02 - To help medical oncologists get oriented for their often hectic days, we added a home screen that displayed overall caseload and treatment anomalies from last visit.

03 - We incorporated a photo feature in our companion app to allow patients to privately and securely send images viewable by care teams in their desktop portal.


Finalizing a high-fidelity prototype

Our final solution included three vantage points that allowed medical oncologists to drill down from caseload overview to patient treatment timeline to individual test results.

Home: caseload view depicting patient names and demographics, last visit date, current treatment, and last reported side effect

Treatment timeline: longitudinal data visualization of patient’s medications, procedures, test results, and treatment changes

Test result modal: detailed view of latest bloodwork findings

Reflecting on the project experience

Though it has been nearly 5 years since I worked on this project, I keep it in my portfolio to remind myself of how far I’ve come and what I continue to value as a researcher, designer, and leader.

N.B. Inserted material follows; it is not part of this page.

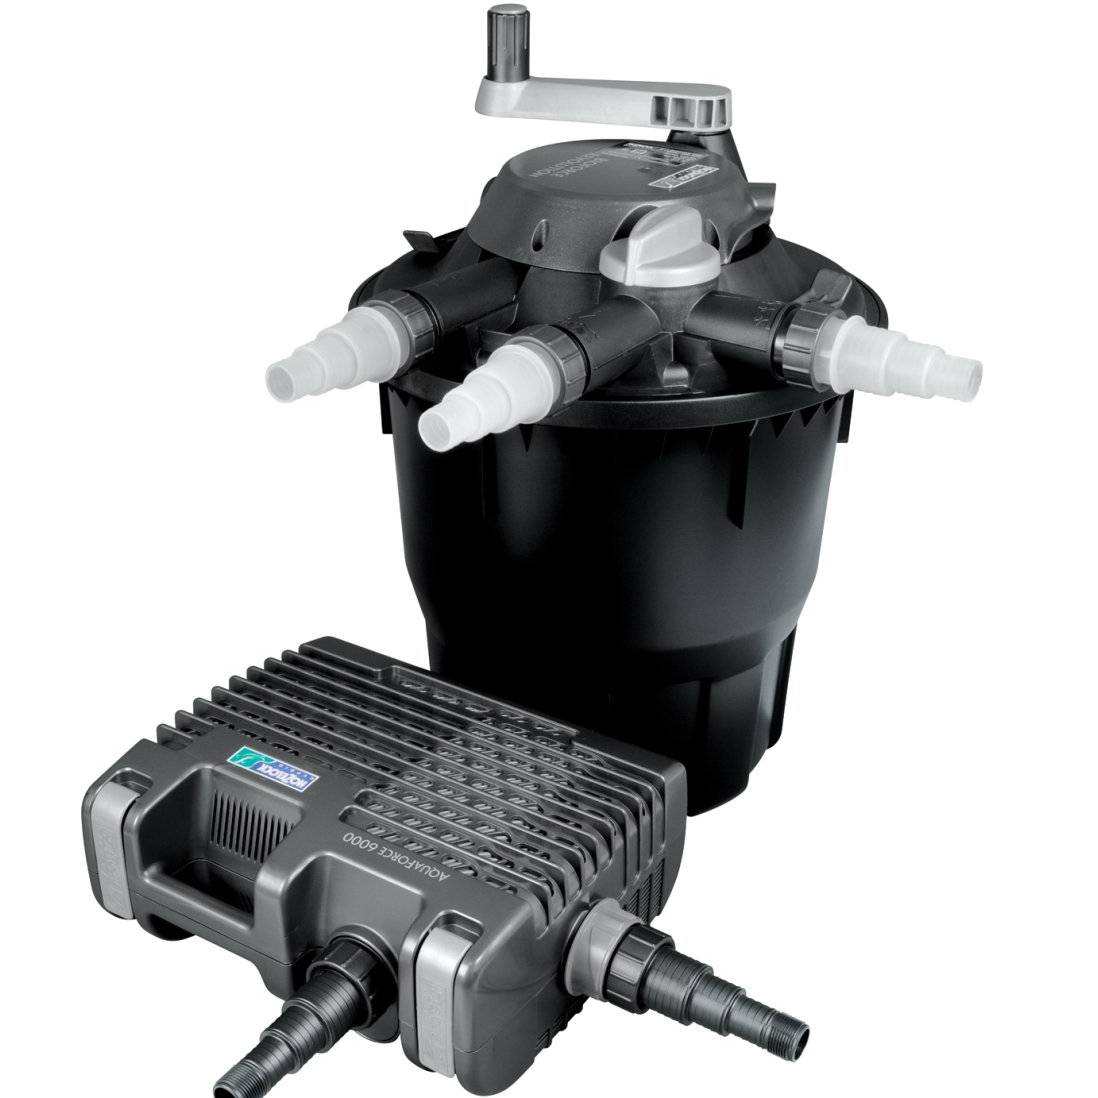 Hozelock Bioforce Revolution 6000 + Aquaforce Kit (1402)
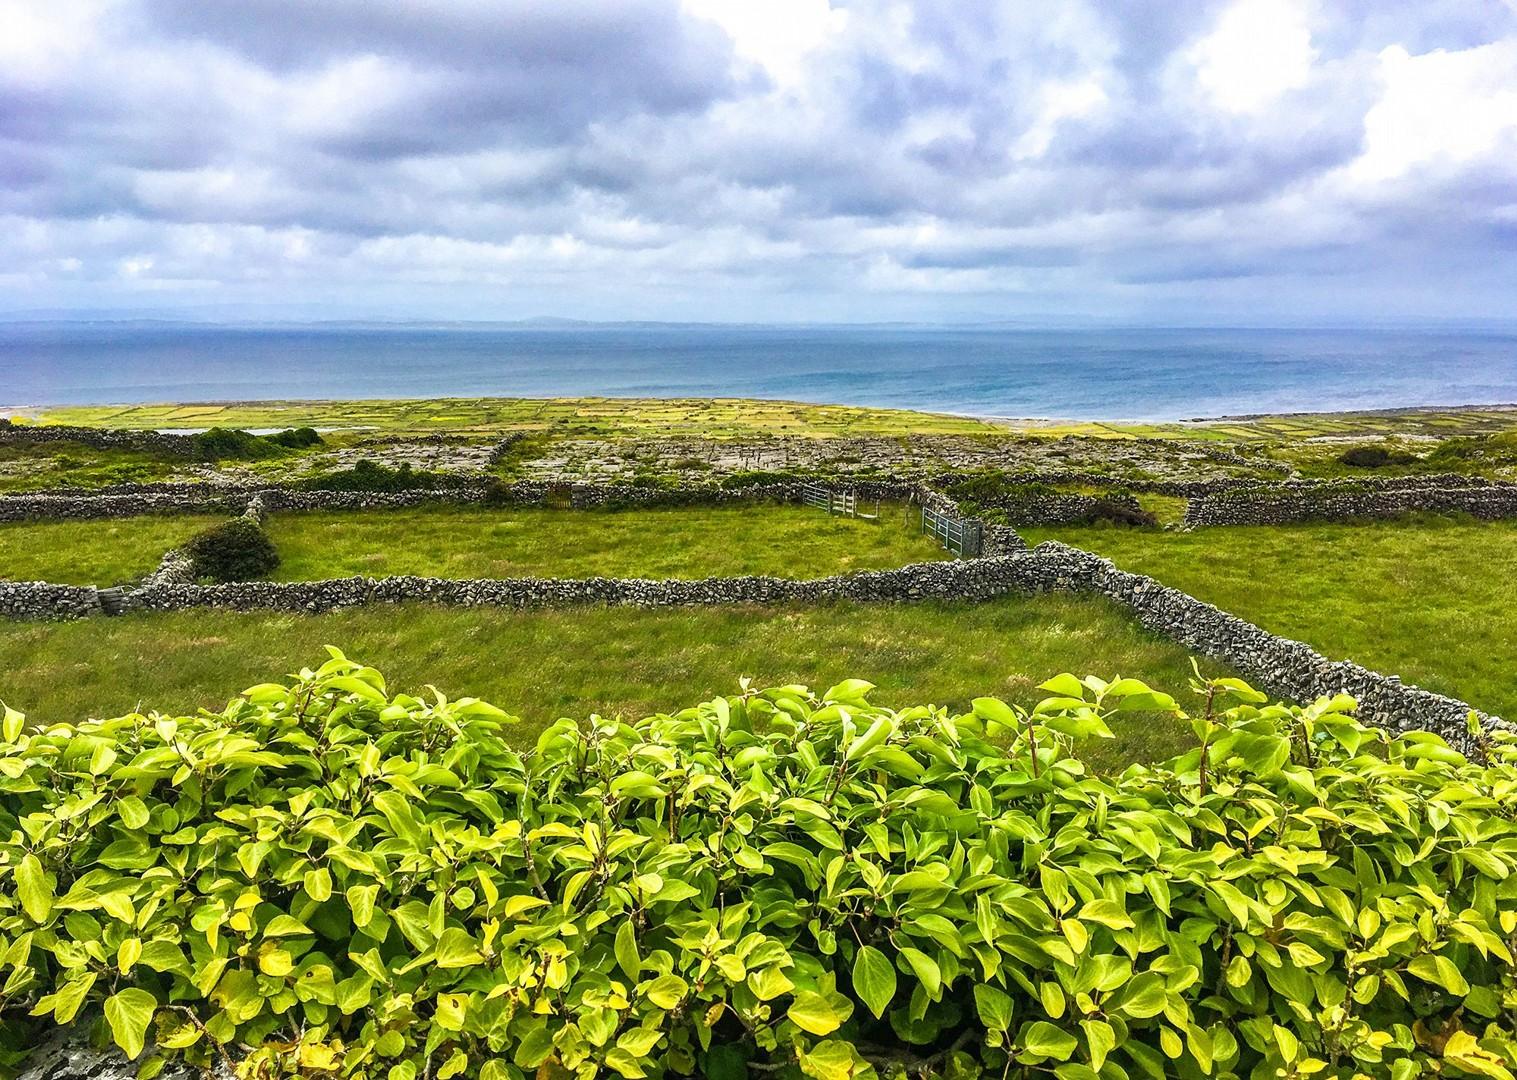 connemara-and-aran-isles-trip-self-guided-leisure-cycling-holiday.jpg - NEW! Ireland - Connemara and the Aran Isles - Leisure Cycling

Be inclusive and encourage design participation
Instead of wallowing in obscurity, make ideas tangible and bring them out into the open. Even better, include users directly in the design process. Once we started showing functional creations (paper can work just as well as a digital prototype!) to our intended users, and co-designing with them, our learning soared.

Talk about hard things
My team struggled for the first few months of this project. With varying degrees of experience in the healthcare space, different team members faced different levels of ambiguity. Once we started spending extra time together to work through problems and approaching obstacles with more patience and curiosity, our team dynamic shifted for the better.